Aucune ‘‘voie’’ n’est représentative de la réalité, elles ne sont que l’index pointé vers la lune ; l’erreur
c’est bien entendu d’identifier la réalité avec l’idée que nous en avons. La connaissance profonde des êtres
et des choses est inhérente à l’absence d’idée qui associe le réel avec des certitudes imaginaires. Cette
absence procède du silence de la pensée psychologique qui identifie le mot-image-émotion avec la chose
elle-même. Ce silence intérieur est synonyme d’une authentique connaissance de soi à la source de Sujet
connaissant.
« Les mots sont des étiquettes simplificatrices.
Ils sont fort utiles dans la pratique de la vie ; sans eux, notre pensée ne pourrait donner forme aux idées ni
les manier… Ce n’est pas leur faute s’ils recèlent un piège où nous tombons si souvent.
J’ai appris peu à peu à me méfier, non pas des mots, mais de la faiblesse de mon esprit qui, par paresse,
oublie leur piège et m’y fait tomber.
Plus la ‘‘chose’’ désignée par le mot est importante, plus est grand le danger de mal penser, à propos du
mot, à la chose ; plus sont grands les risques d’erreur, d’absurdité, de délire, avec toutes sortes de
conséquences déplorables dans nos actions. » (Hubert Benoit, auteur du livre La doctrine suprême selon la
pensée zen).
La raison est une fonction intellectuelle qui peut parfois troubler la conscience humaine en posant des
questions, où en montrant des évidences, qui nous plongent dans l’angoisse de l’incertitude. Songeons par
exemple à l'inéluctable prise de conscience de la mort du corps-mental ; cet inconnu (la mort) fait peser sur
notre vie affective une angoisse très difficile à maîtriser. Par l’exercice de la pensée réflexive, nous savons
que nous ne savons pas, l’absence de certitude invite la peur et fait trembler la ‘‘partie animale’’ de notre
être qui se sent abandonnée par une pensée qui pose des problèmes sans les résoudre ; et l’instinct,
‘‘dressé’’ à ne concevoir que le ‘‘vouloir exister’’, ne peut admettre les pensées qui nient, sous quelques
formes que ce soit, l’existence ; il ne peut admettre que celle-ci se transforme en non-existence alors que,
paradoxalement, la pensée conçoit parfaitement que la mort est un phénomène naturel et donc inévitable.
En fait, notre ‘‘partie animale’’ ne peut accepter les événements (réels et imaginaires) qui perturbent son
programme affectif et instinctif.
Pour compenser le vide que laisse derrière elle l’ignorance de sa nature profonde, l’être humain, qui a
besoin du sentiment d’identité, se fixe dans l’imaginaire, dans un monde qu’il façonne à sa convenance,
c’est la naissance du processus du moi et du temps psychologique que celui-ci implique. Notons, sans
aborder toutes les nuances que ce sujet impliquerait, que le temps psychologique est le passage temporel
entre ce qui est et ce que l’on souhaiterait qui soit, ou entre ce qui est et ce que l’on ne souhaiterait pas qui
soit ; c’est le temps requis pour devenir ou ne pas devenir en fonction des particularismes du moi.
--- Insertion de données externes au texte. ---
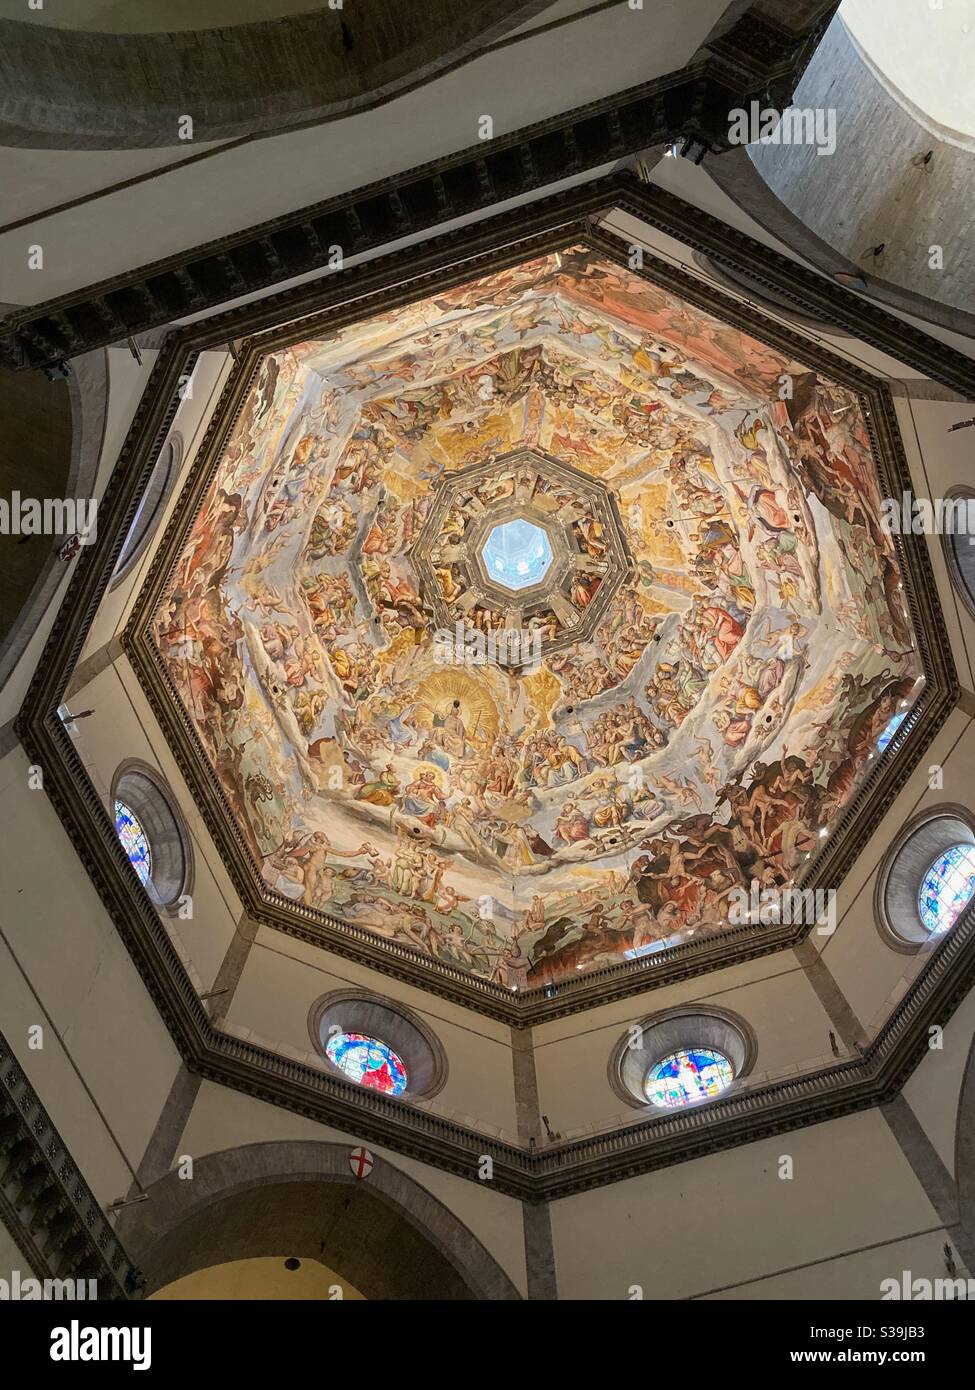 Interior of Duomo Dome, Florence, Italy Stock Photo

« La source du conflit de l’humanité est-elle l’incapacité de l'individu à affronter la réalité de ce qu’il
‘‘est’’, psychologiquement, avec pour corollaire la quête chimérique de ce qu’il lui faut ‘‘devenir’’ ? Cette
incapacité a sa source dans les divisions profondes introduites dans la psyché, et plus particulièrement par
la pensée qui suscite l’expérience du temps et le ‘‘moi’’.
« On ne peut se libérer de cette activité égocentrique, irrationnelle et déroutante que grâce à un certain
type de vision pénétrante. Celle-ci permet de percevoir qu’au-delà de la pensée, il n’y a qu’énergie et
forme, pas de ‘‘moi’’, pas de temps, en fait pas la moindre chose ; au-delà de cette ‘‘non-chose’’, il y a ce
qui est beaucoup plus immense. C’est le terrain fondamental de toute existence, et ce ‘‘fondamental’’ est le
commencement et la fin de toute chose. La vie ne peut avoir de signification réelle que si l’humanité touche
ce ‘‘fondamental’’ ». (Extrait de la présentation du livre de Krishnamurti et Bohm, Le temps aboli, éditions
Le Rocher, quatrième de couverture).